PKA plays a regulatory role in virtually every mammalian cell, and its expression is conserved in early eukaryotes such as fungi and eukaryotic pathogens such as Plasmodia (39). PKA regulates a plethora of biological processes. It serves as a critical on/off switch for a number of key metabolic enzymes and is a regulator of gene transcription (40, 41). For certain proteins (e.g., NF-κB), the function of PKA-mediated phosphorylation may be more akin to a rheostat (10, 42). Along with other AGC kinases, PKA is also regulated by phosphorylation events. For certain AGC PKs such as ribosomal protein S6 kinase, four or more heterologous kinases are involved in the activation process (43). We show here, however, that the C-subunit of PKA is unique among the AGC kinases in several ways. Importantly, we find that the synthesis of the active C-subunit is regulated by only two key phosphorylation events and that assembly of the active C-subunit begins cotranslationally with the initial cis-phosphorylation of Ser³³⁸ in the C-tail taking place on the ribosome. By contrast, trans-phosphorylation of the activation loop Thr¹⁹⁷ is posttranslational, occurring after the protein leaves the ribosome. After the fully phosphorylated C-subunit is assembled, the phosphates resist removal by phosphatases. The C-subunit is then packaged with one of four functionally nonredundant R-subunits and usually anchored to a macromolecular scaffold. In this way, its activity is controlled exclusively by cAMP (probably bursts of localized cAMP) and not by turnover of the activation loop phosphate, which is the case for most other kinases. In the holoenzyme state, the C-subunit is resistant to oxidative stress, but on activation of the holoenzyme, the C-subunit is sensitive to oxidation of Cys¹⁹⁹ and subsequently, its resistance to phosphatases (Fig. 7).

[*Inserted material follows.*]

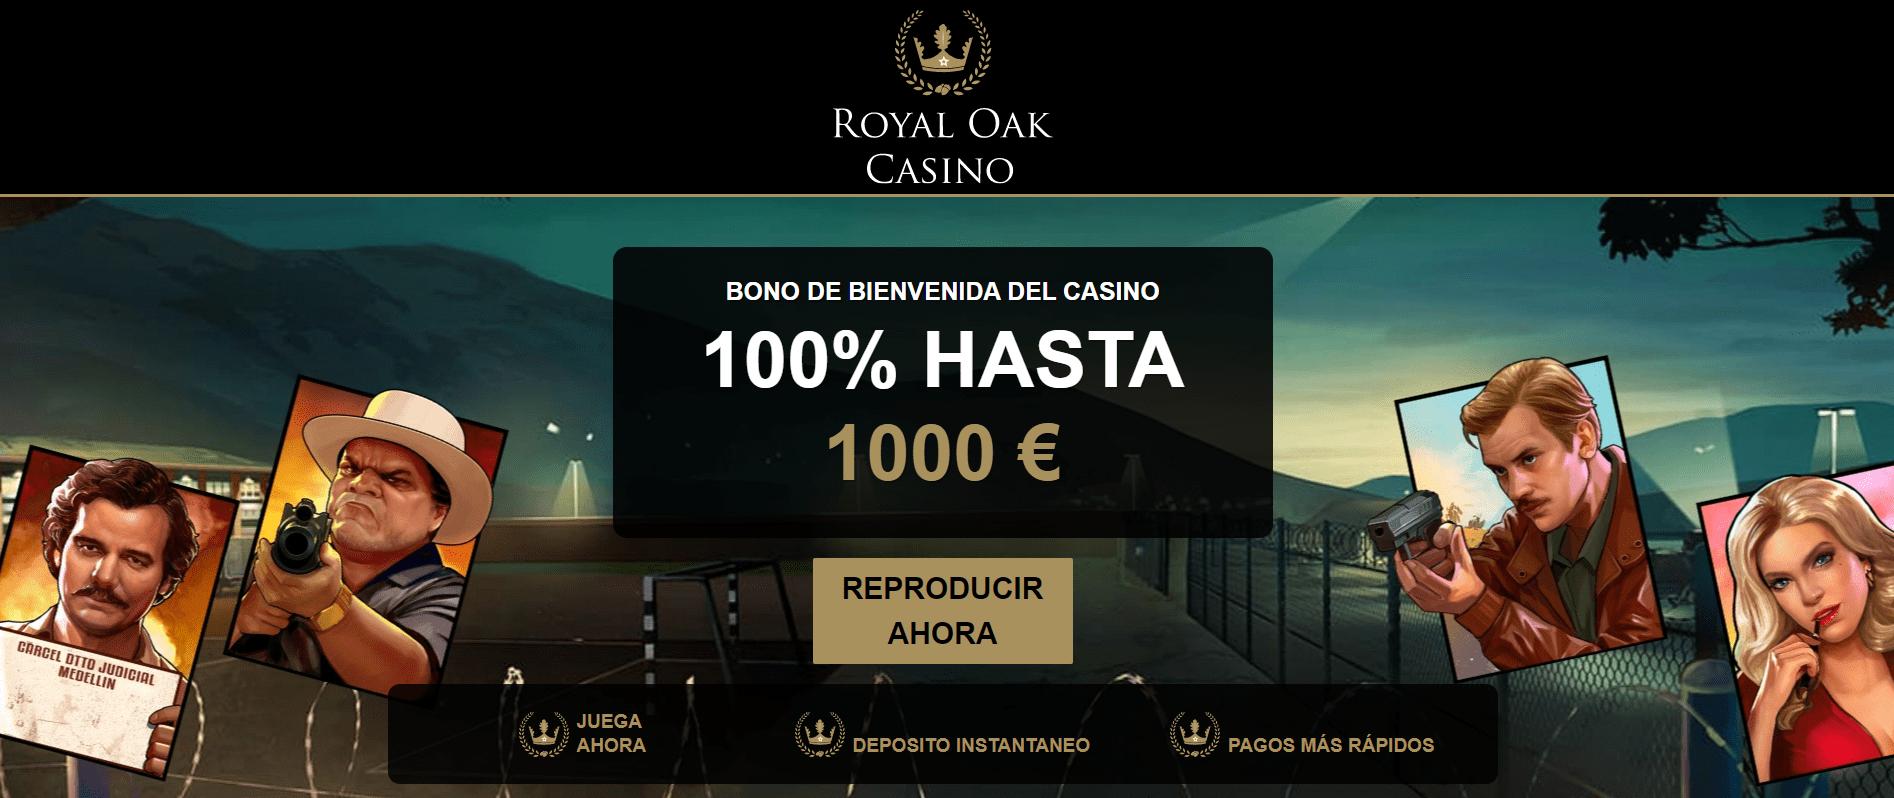 royal oak casino

Fig. 7. — Maturation and activation of the C-subunit of PKA. (A) The C-subunit of PKA is assembled by two distinct phosphorylation events: an initial intramolecular, cotranslational autophosphorylation of Ser³³⁸ in the C-terminal tail followed by an intermolecular, posttranslational phosphorylation of Thr¹⁹⁷ in the activation loop. The C-subunit then assembles into a tetrameric holoenzyme with two R-subunits and is kept in an inactive conformation. The C-subunit with only Ser³³⁸ phosphorylated is susceptible to PPs, but C-subunit that is part of holoenzyme is not sensitive to either PP or ROS. (B) On cAMP stimulation, R- and C-subunits of PKA dissociate, and the C-subunit carries out phosphorylation of target proteins. The free C-subunit is then susceptible to PP only in the presence of ROS and high cAMP concentrations.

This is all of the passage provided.